In Figure 2, photoluminescence of the free QDs and the QD-dye complexes is presented, together with absorbance of the dyes in the complexes. In line with the previous reports [1,2,3,4,5,6,7], QDs exhibit a broad emission band with the peak at 539 nm and FWHM of 108 nm. The PL QY of the three QDs was estimated to be 6%. Here and further, the 405 nm excitation was used for the PL measurements of the QDs and the QD-dye complexes. The dye absorbance curves (blue dotted lines in Figure 2) were obtained by subtraction of the QD absorbance from the complex absorbance. PL peaks of Cy3 and Cy5, as well as their absorption bands, exhibit the redshift when the dye molecule is bound to the QD surface. This effect is well-known in the literature and considered as an indicator of the successful complex formation [48,71]. In the complexes, the low-energy absorption (PL) bands of Cy3 and Cy5 cyanines have maxima at 564 (588) nm and 604/666 (690) nm, respectively.
We have selected the dyes with the absorbance overlapping with the PL spectrum of QDs in different spectral regions, that allowed us to achieve FRET from different energy states separately. Since Cy3 and Cy5 cyanines cannot be directly excited by the 405 nm radiation, their PL peaks at this excitation wavelength indicate the presence of the energy transfer (Figure 2, blue solid curves).
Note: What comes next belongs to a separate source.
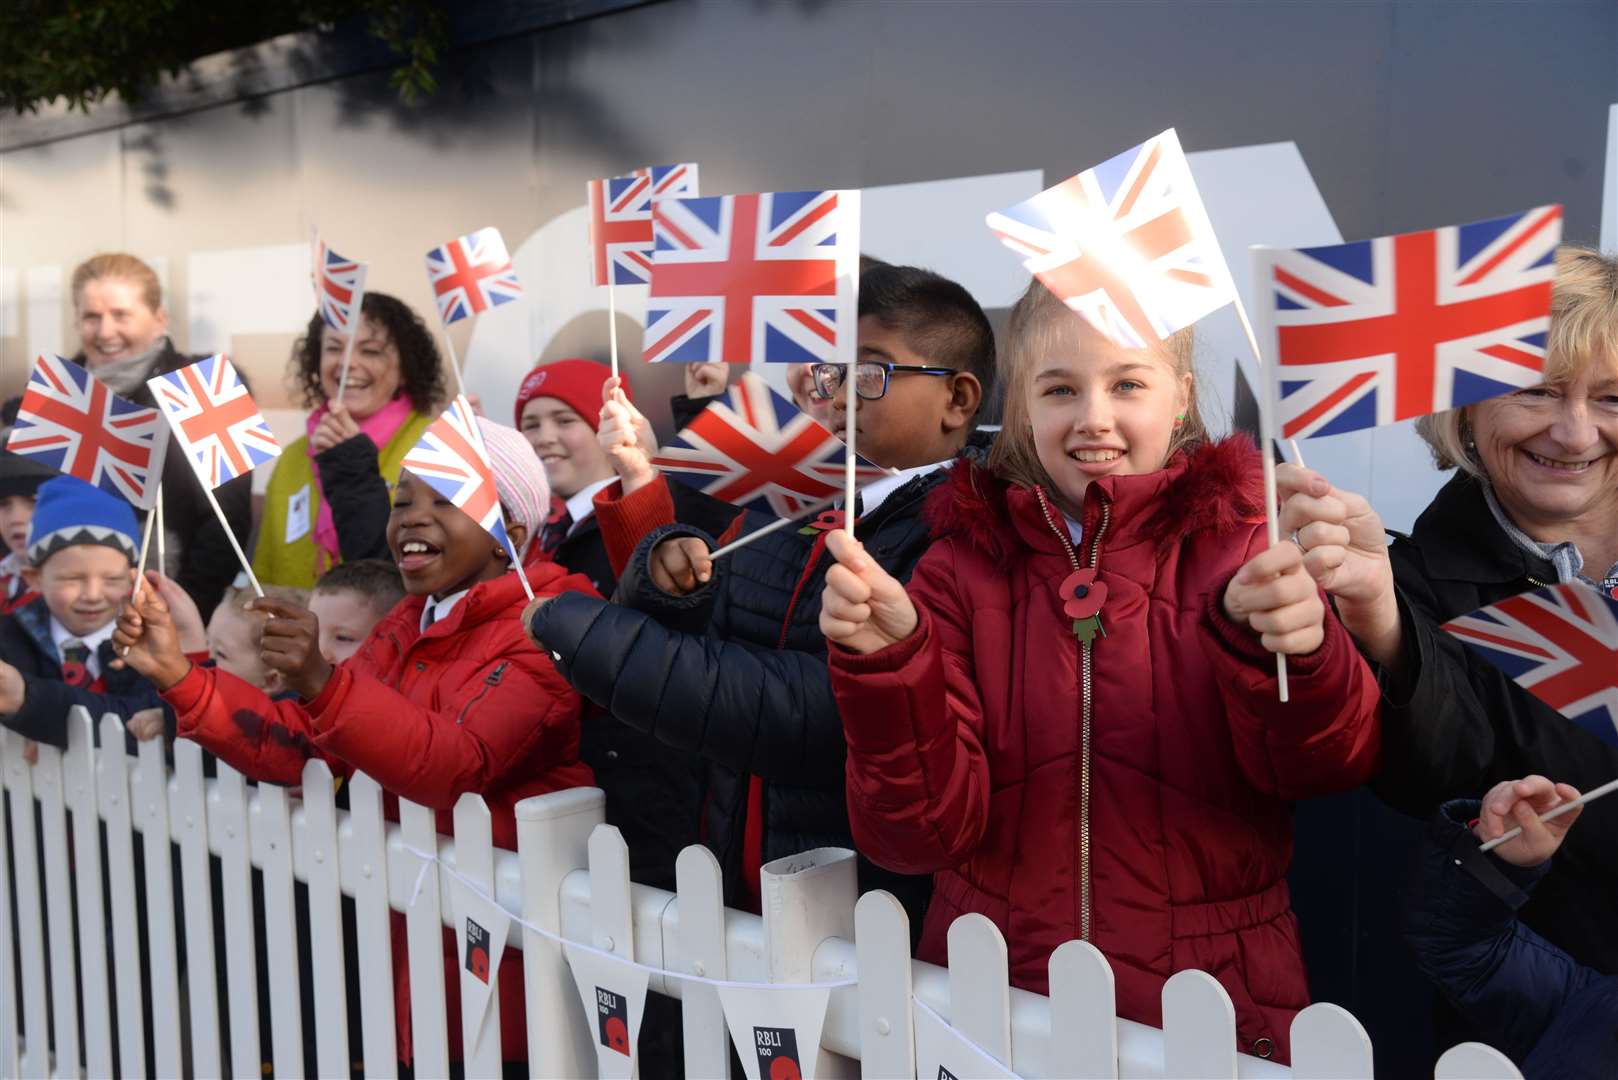 Children from Green Street Green Primary School await the arrival of The Queen at the Royal British Legion Industries, Aylesford on Wednesday. Picture: Chris Davey. (21031414)

As donors, QDs donate their energy from that part of the spectrum which overlaps with the acceptor absorption band. Both Cy3 and Cy5 in complexes have absorption peaks at lower energies than the original QD PL maximum. Therefore, upon the energy transfer, the QD PL components in the complex PL curves exhibit the blueshift in comparison to the free QD emission [42]. Cy5, absorbing at lower energies than Cy3, leads to a less pronounced blueshift (≈10 nm and ≈20 nm, respectively).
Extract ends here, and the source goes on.